Serving Literary Knowledge as Data: Building and Documenting DH APIs with PostgreSQL
Tuesday, September 09 at 12:10–13:00
In Digital Humanities (DH), the challenge of making interpretive research—such as literary symbolism, historical analysis, or cultural studies—queryable and accessible can be met through powerful APIs built on relational databases. In this talk, we’ll demonstrate how PostgreSQL can serve as the backbone for creating an API that transforms subjective analysis into structured and queryable data.
Using examples from symbolic analysis of cultural texts, we'll walk through key PostgreSQL features, like jsonb, views, and full-text search, that enable the modeling, querying, and retrieval of interpretive knowledge.
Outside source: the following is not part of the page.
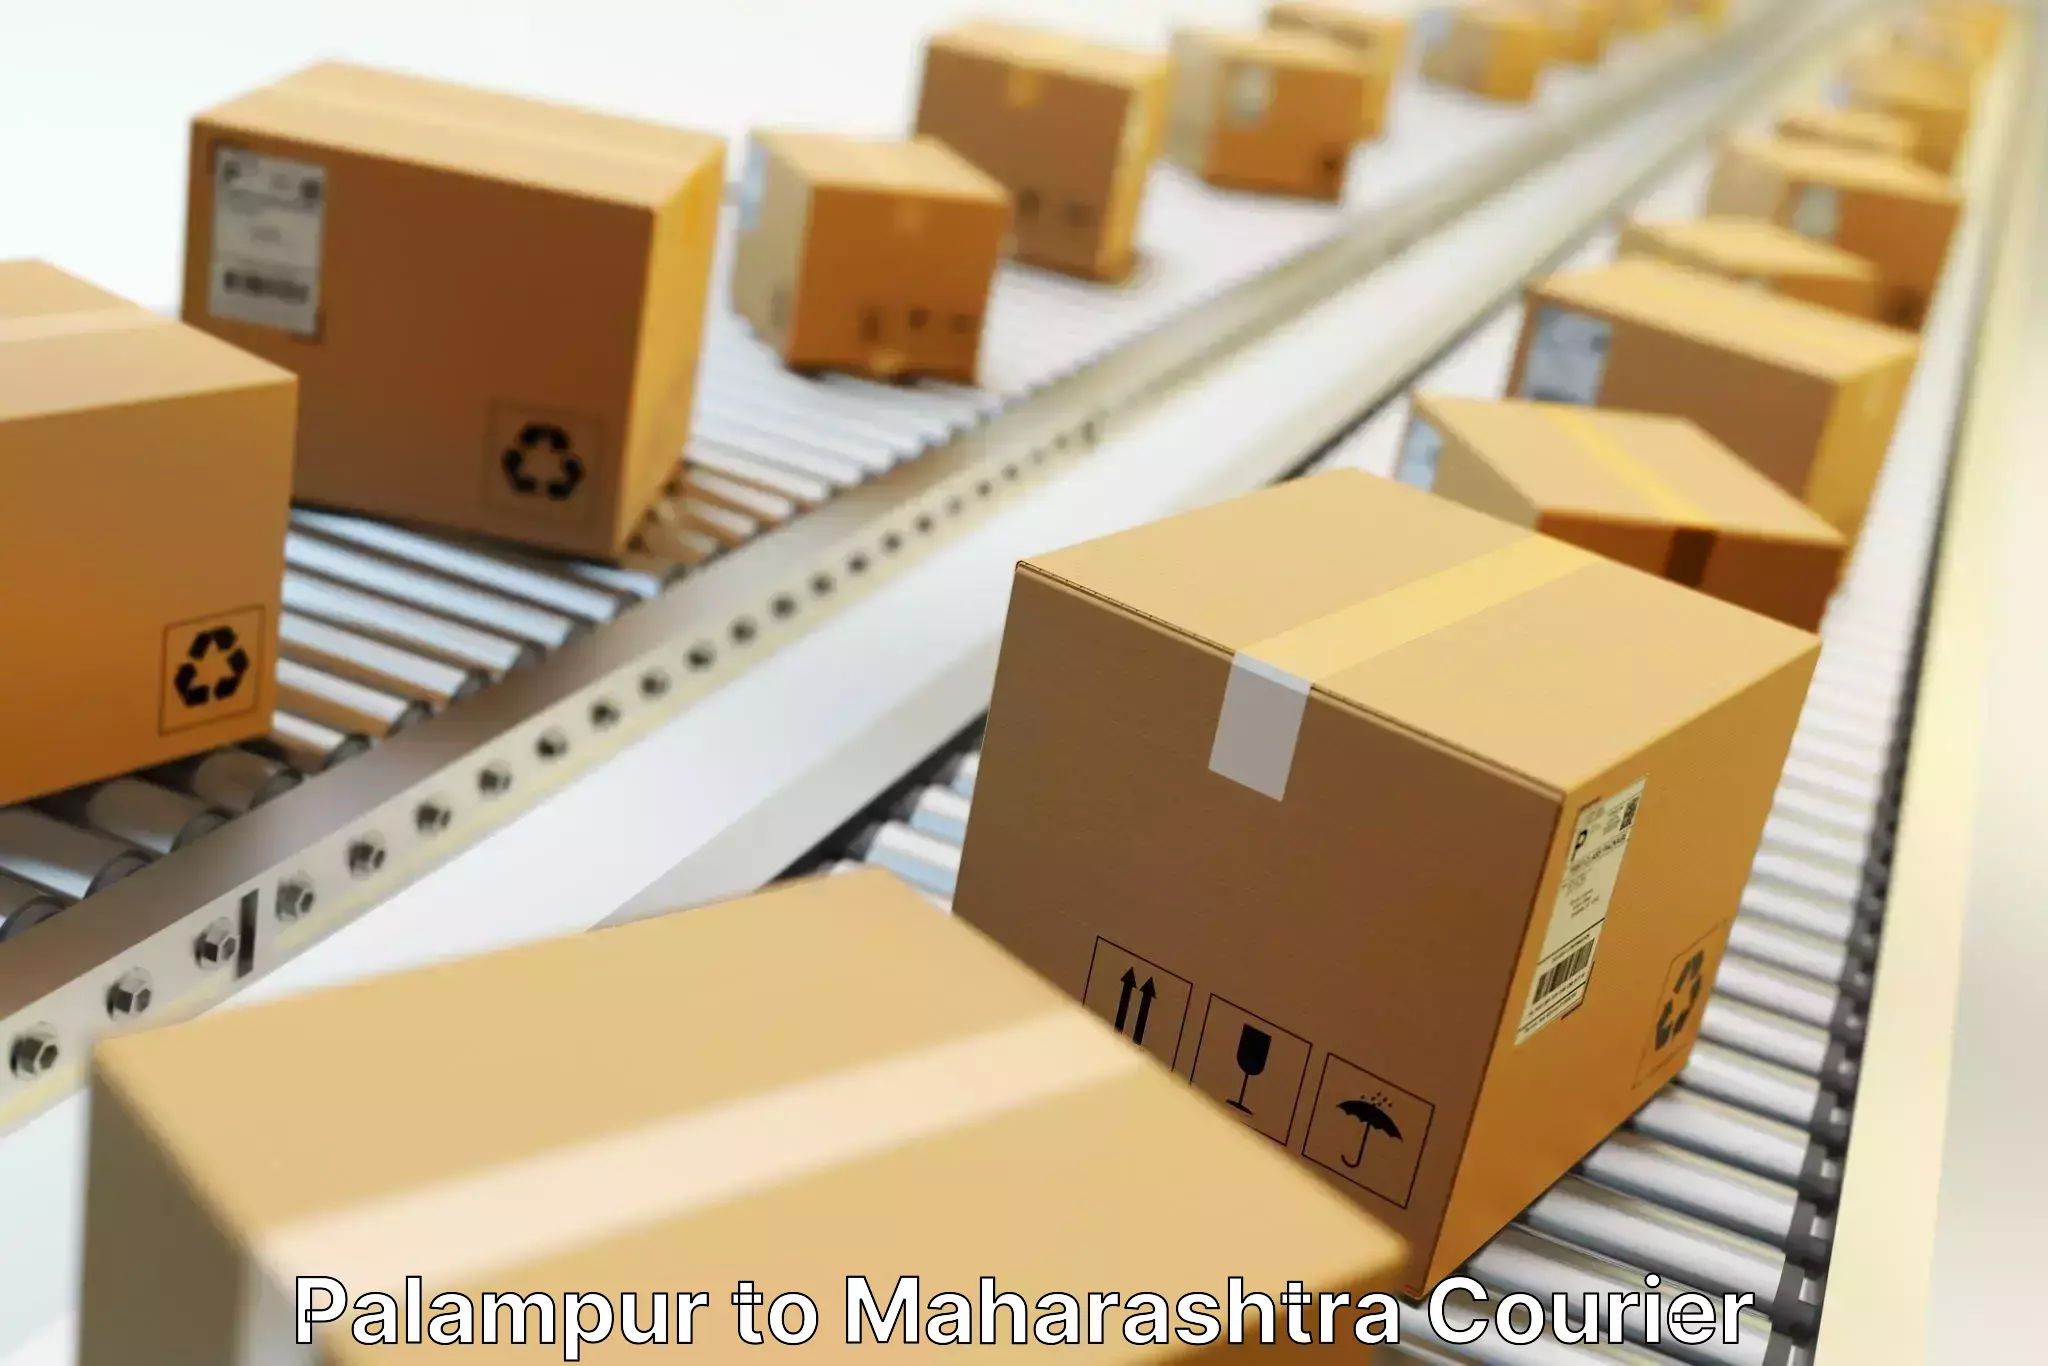 Ground shipping Palampur to Maharashtra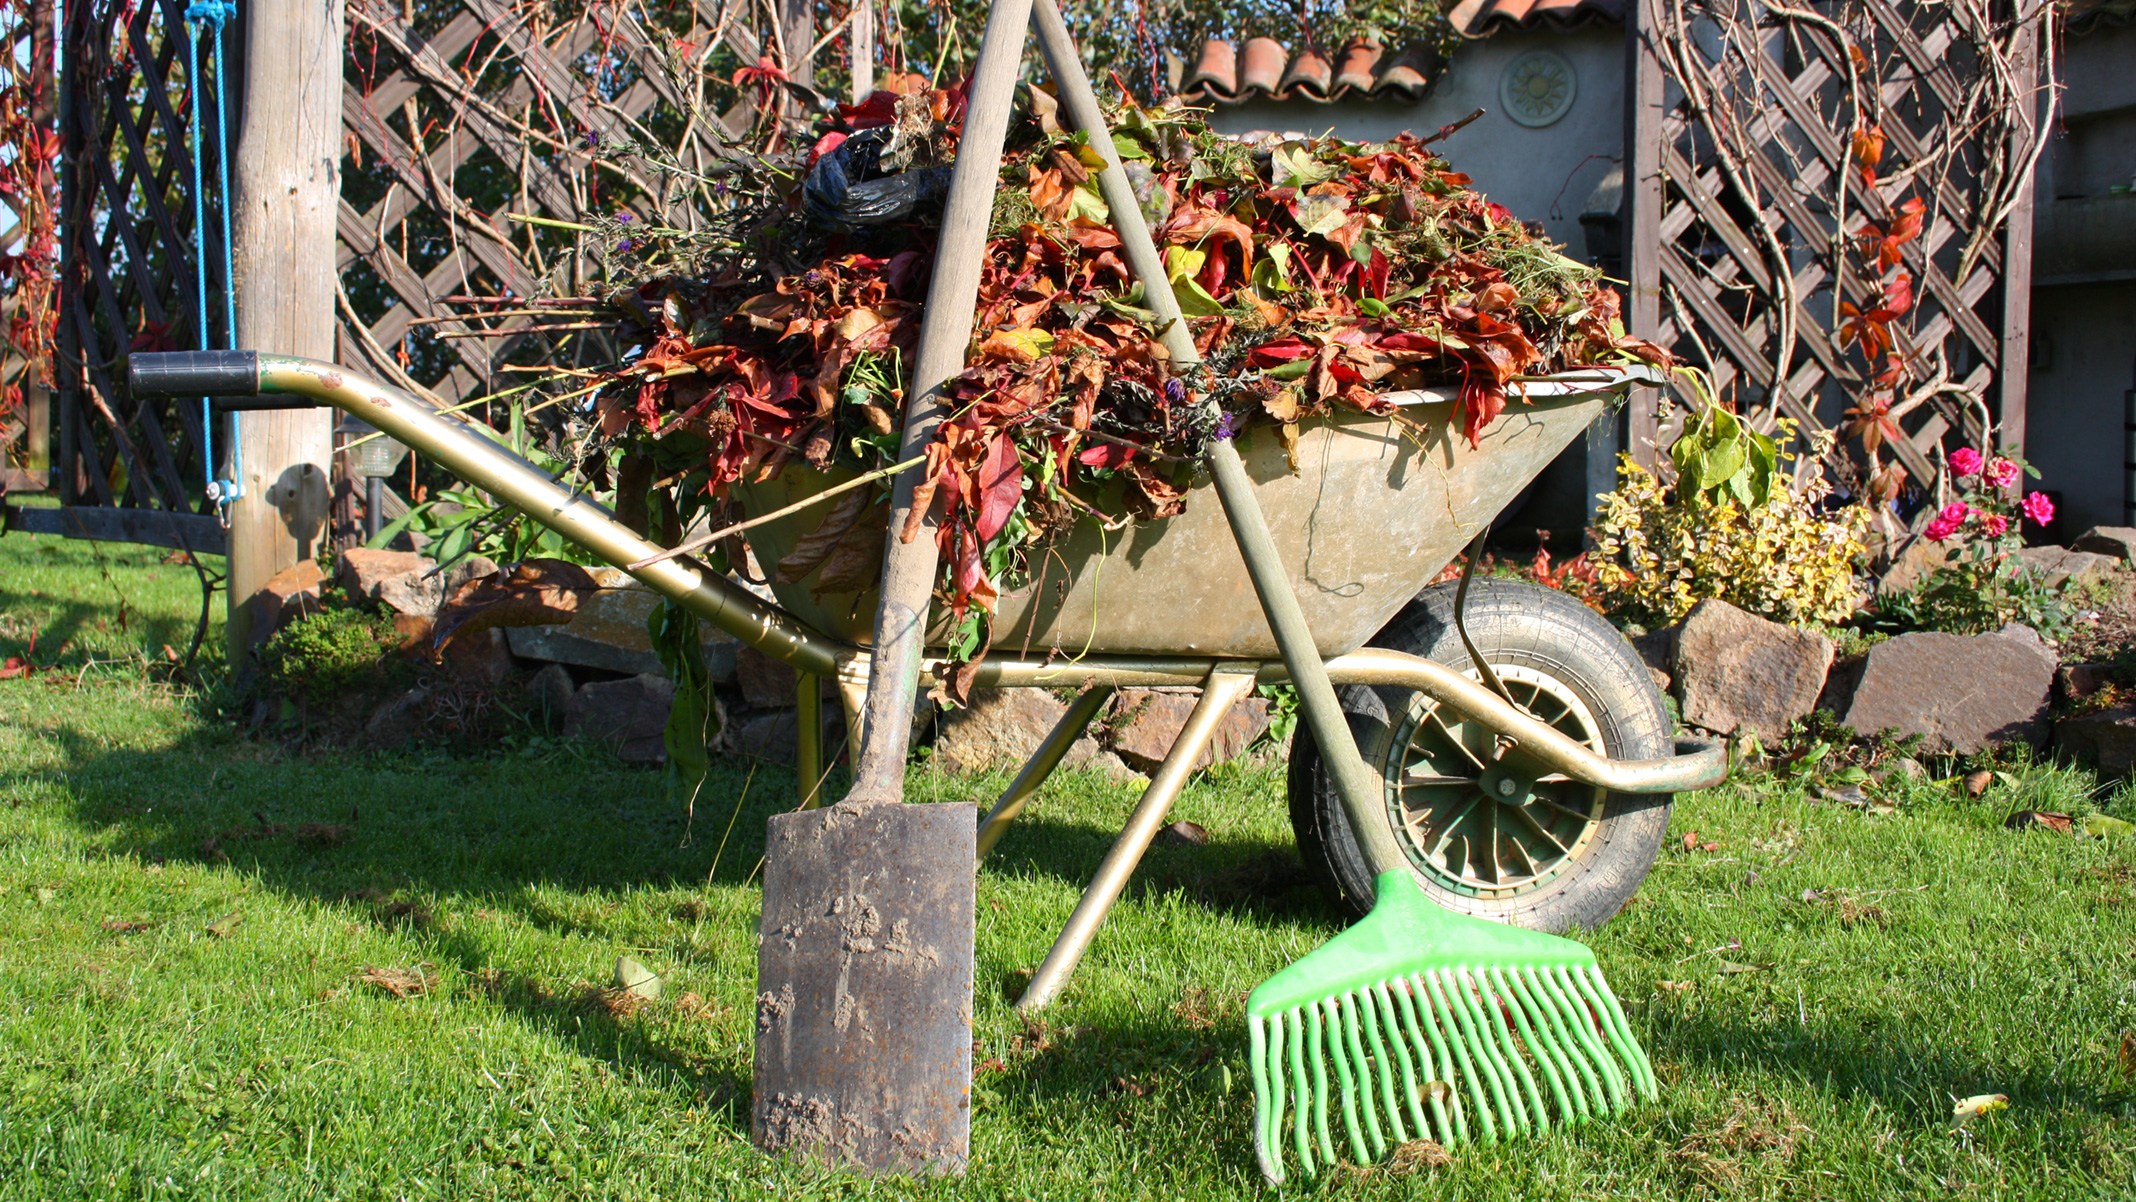 Herbstlaub mit Rechen und Schaufel in der Schubkarre sammeln.

Additionally, we'll cover best practices for generating API documentation using tools such as Swagger and MkDocs, ensuring that your APIs are accessible not just to developers, but also to scholars who may not be familiar with the underlying data models. The session will also address the epistemological implications of exposing interpretive data as a public dataset: How to manage uncertainty, signal multiple interpretations, and what it means to present human analysis in a structured and queryable format.
Viewers will gain practical insights into using PostgreSQL to support Digital Humanities projects and learn how to create and manage APIs that make interpretive knowledge more accessible to a broader audience.